Objective: To study the genotype distribution of extended-spectrum p-lactamases (ESBLs) and AmpC p-lactamases produced in E. coli isolated from men with urinary infection in Nanjing.
Methods: Organisms of clinical infection were identified by automatic microbial system (Vitek-32). ESBLs were detected by disk diffusion confirmatory test, and ESBLs and AmpC p-lactamases by three-dimensional extract test (TDET) , the presence of plasmid-mediated ESBLs and ampC genes determined by PCR, and conjugal transfer assays of the ampC resistance determinants carried out by a broth mating procedure.

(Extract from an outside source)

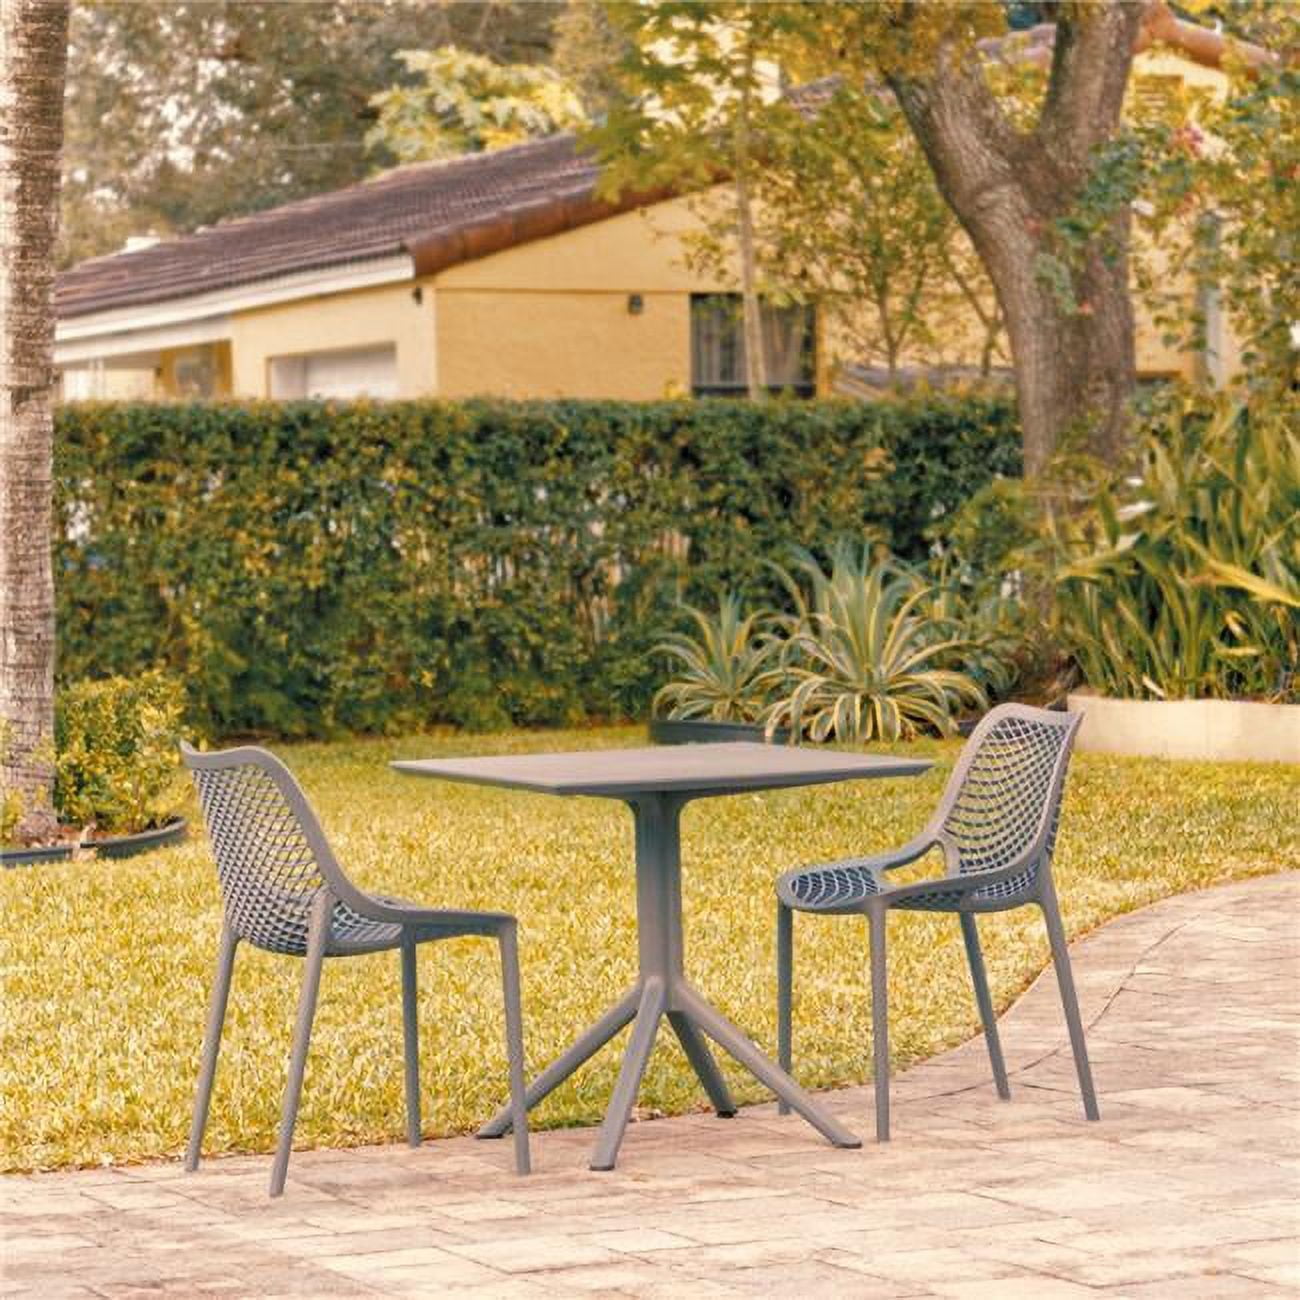 Isp1060s-dgr Air Patio Dining Set With 2 Chairs, Dark Grey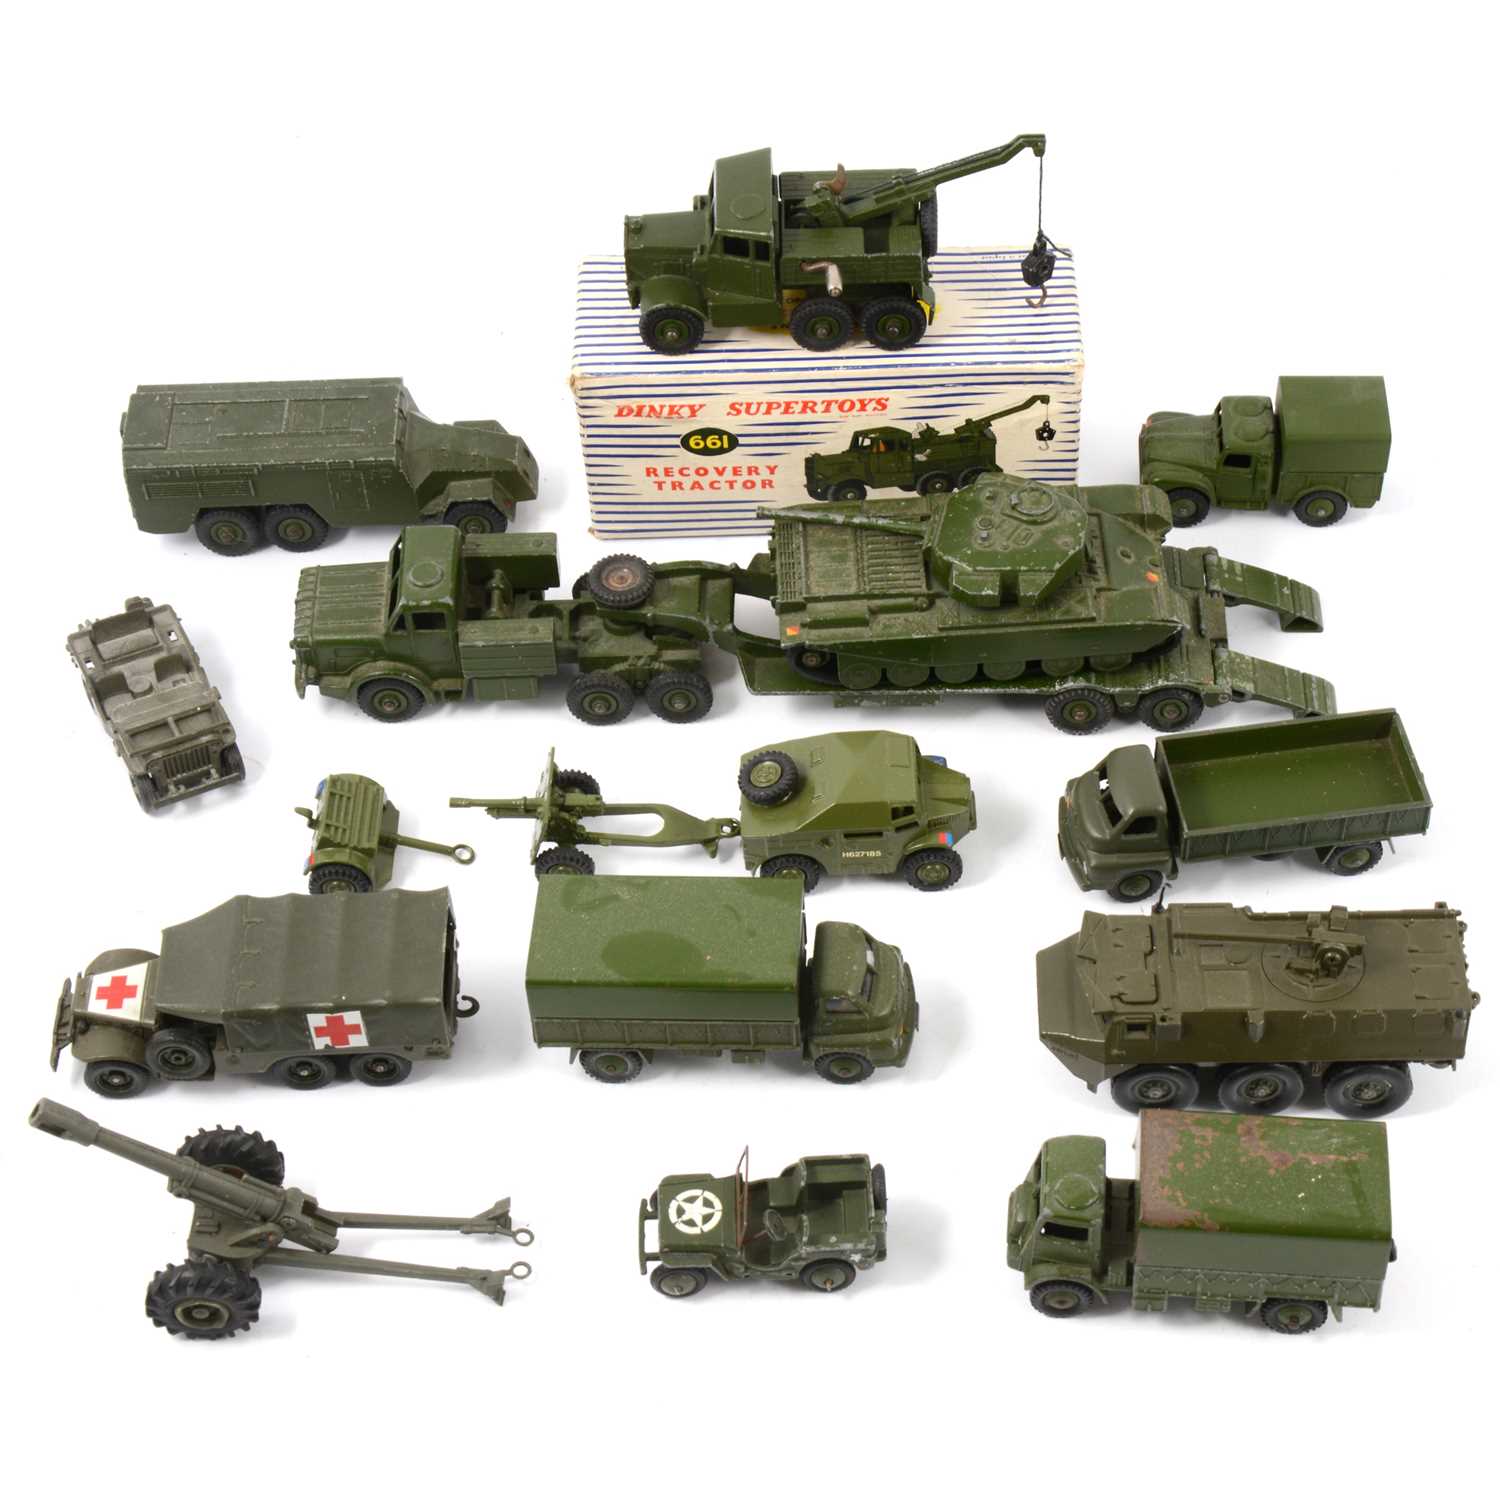 Lot 117 - Dinky and other die-cast military models, including Dinky no.661 Recovery Tractor, boxed

Results: ESBLs were produced in 24. 6% (46/187) of the E. coli and the 46 E. coli isolates showed p-lactamase activity in TDET, 3 positive for both ESBLs and AmpC beta-lactamases and 43 for ESBLs only. Forty-four of the 46 isolates were shown by PCR to contain at least one of the genes blaTEM, blaOXA, bla(CTX-M), but no blaSHA. AmpC specific amplication products were observed in 3 of the 46 isolates, of which 2 were of CIT type, and 1 of DHA type. All of the 3 transconjugants transferred the plasmids harbouring ampC genes to recipients.
Conclusion: CTX-M is the most common genotype in plasmid-mediated ESBLs produced by E. coli isolated from men with urinary infection in Nanjing. Present findings indicate that AmpC-producing E. coli are present in this hospital, and ampC-encoding plasmids are transferable.